#### [WHAT IS BEING ASKED]
Output exactly, in the material below, the lines from the one with "Love sorting by" through the one with "#simplystairs #stairs #staircases". Omit all pictures.

#### [INPUT MATERIAL]
------------------------------------------------

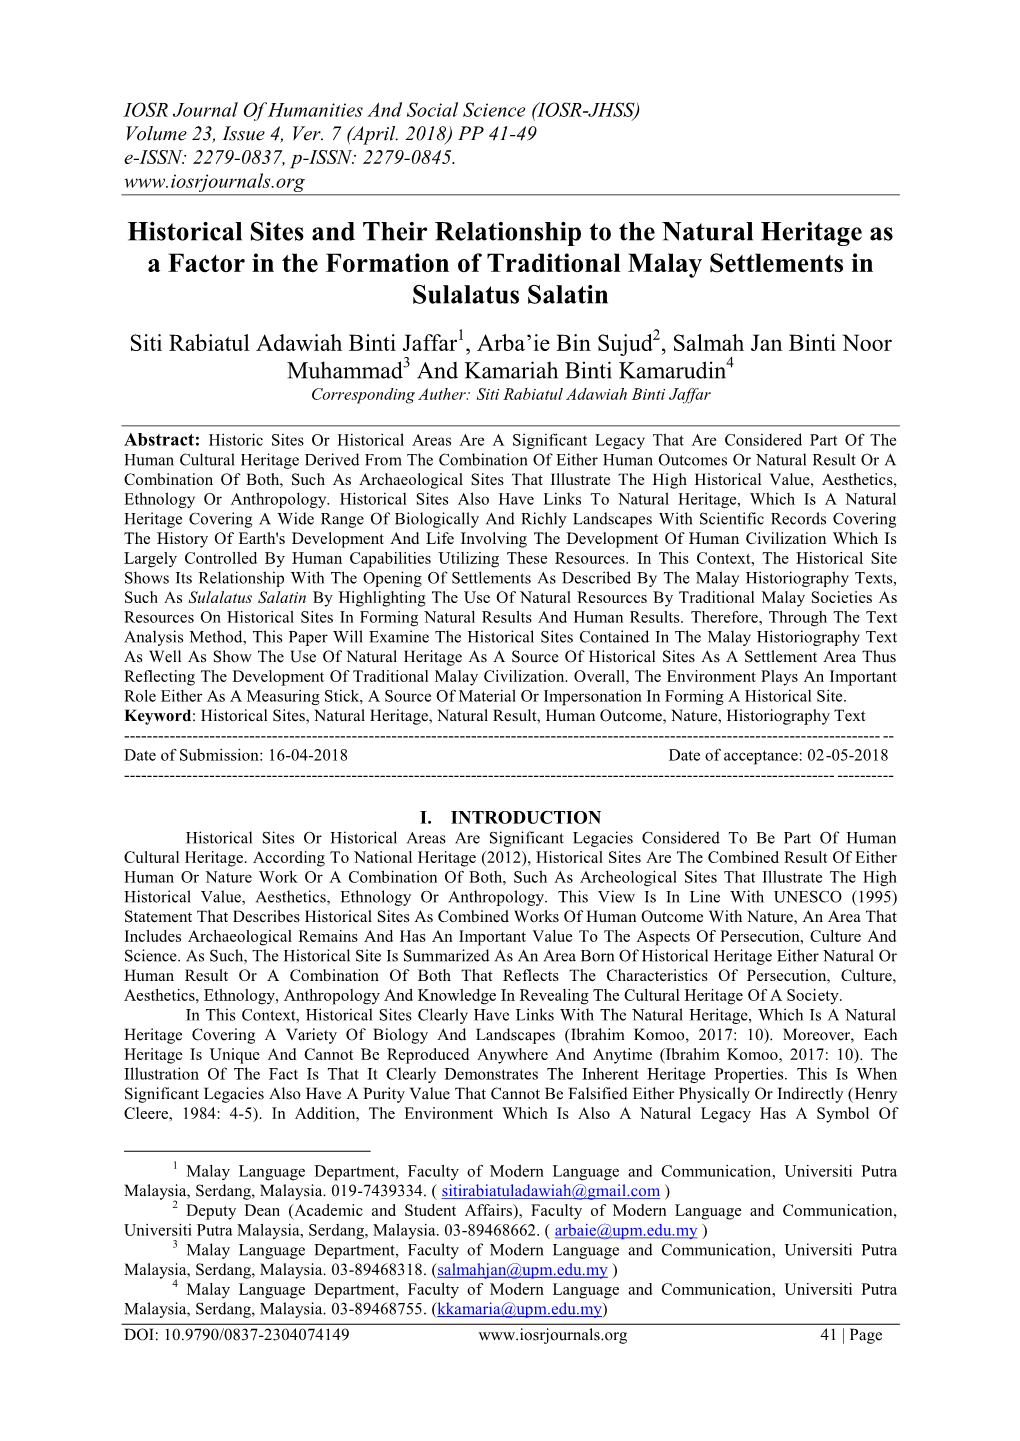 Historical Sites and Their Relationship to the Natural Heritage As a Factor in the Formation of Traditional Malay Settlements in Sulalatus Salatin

------------------------------------------------

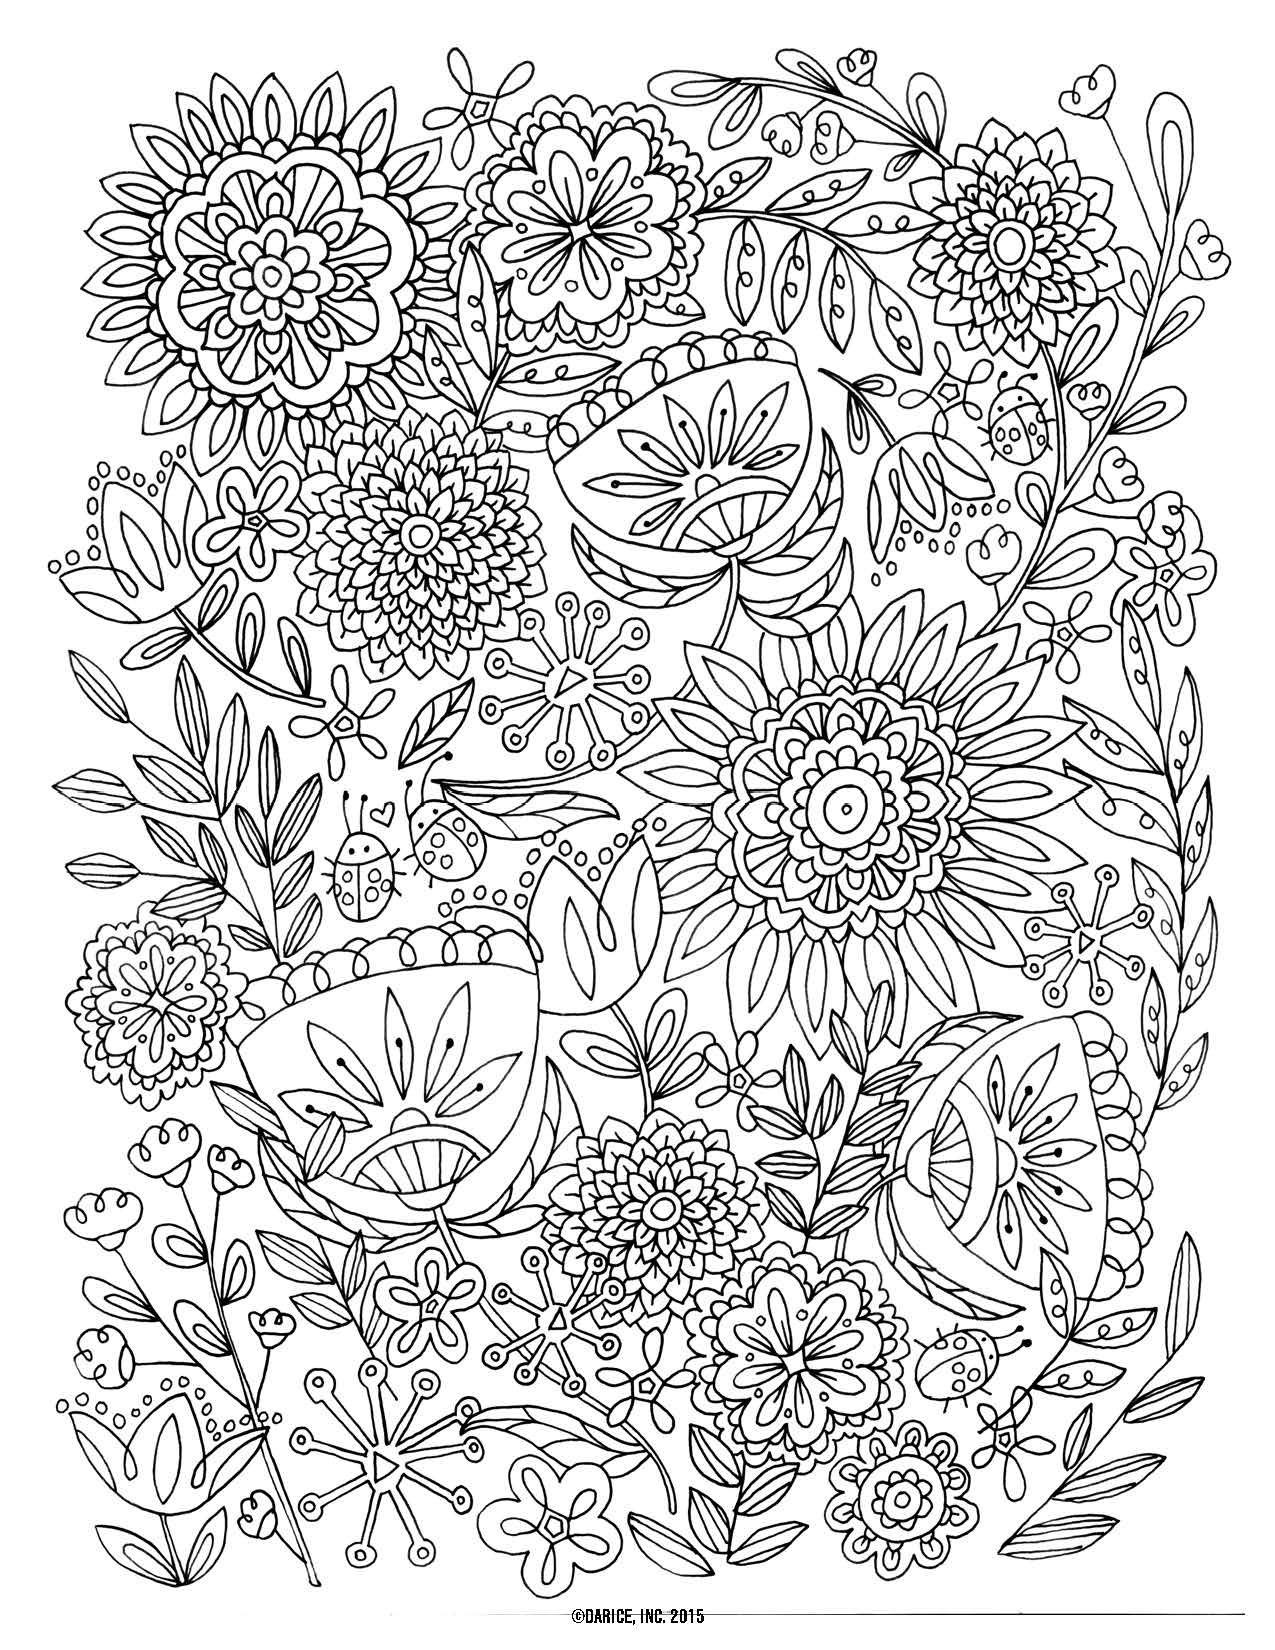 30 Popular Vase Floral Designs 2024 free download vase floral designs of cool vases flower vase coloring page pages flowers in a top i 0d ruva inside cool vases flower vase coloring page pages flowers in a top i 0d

------------------------------------------------

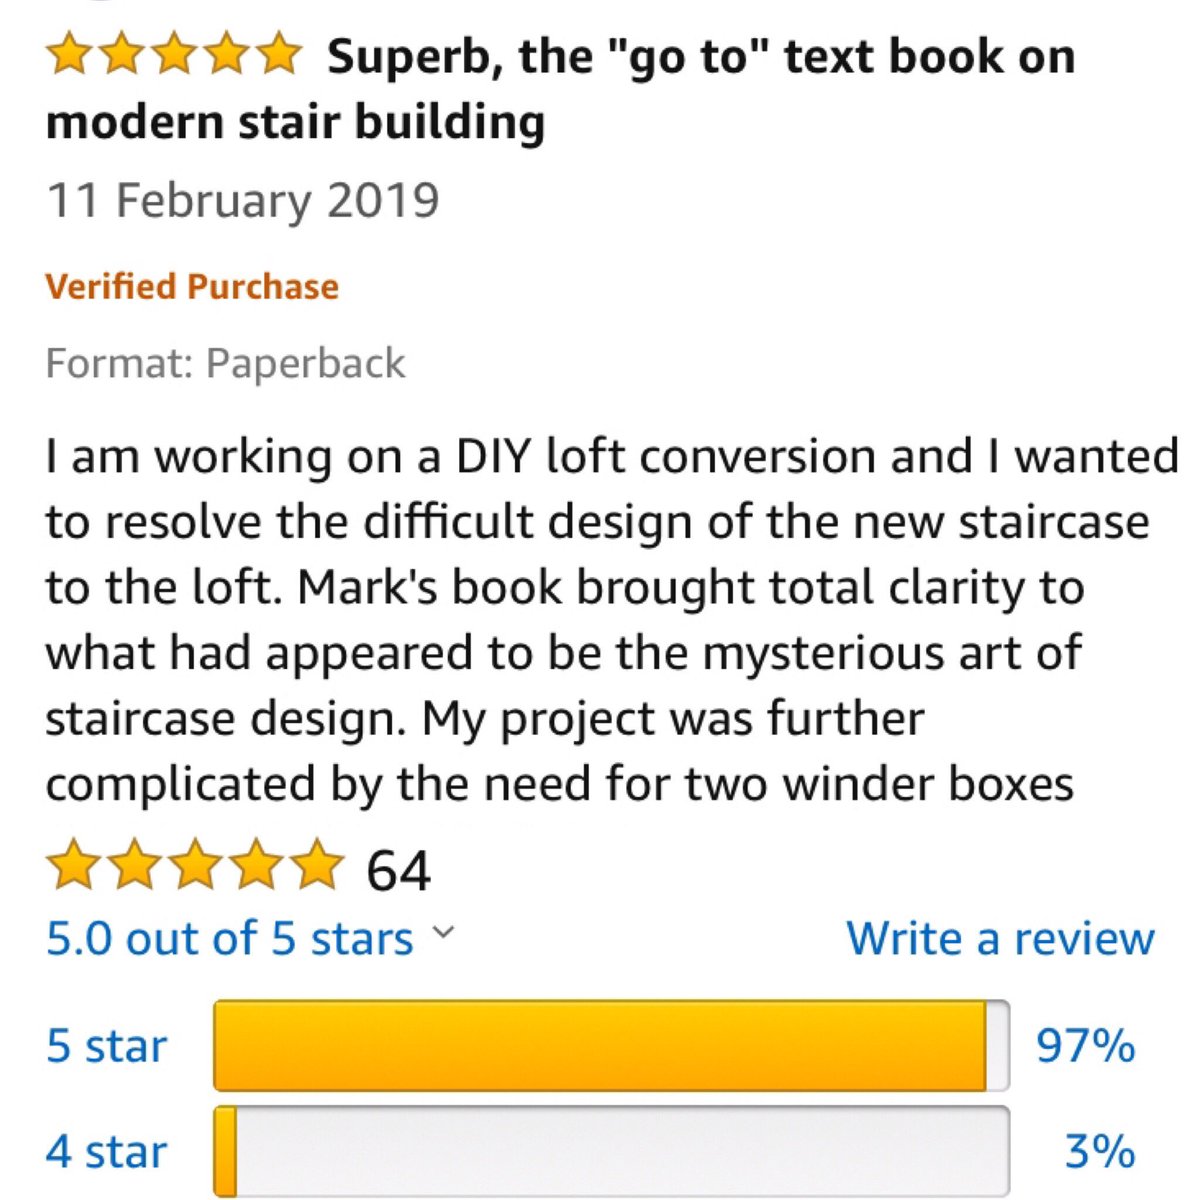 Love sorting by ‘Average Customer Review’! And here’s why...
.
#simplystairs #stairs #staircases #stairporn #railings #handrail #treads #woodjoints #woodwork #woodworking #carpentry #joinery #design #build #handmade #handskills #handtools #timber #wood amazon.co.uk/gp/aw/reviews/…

------------------------------------------------

#### [WRITTEN ANSWER]
 Love sorting by ‘Average Customer Review’! And here’s why...
.
#simplystairs #stairs #staircases #stairporn #railings #handrail #treads #woodjoints #woodwork #woodworking #carpentry #joinery #design #build #handmade #handskills #handtools #timber #wood amazon.co.uk/gp/aw/reviews/…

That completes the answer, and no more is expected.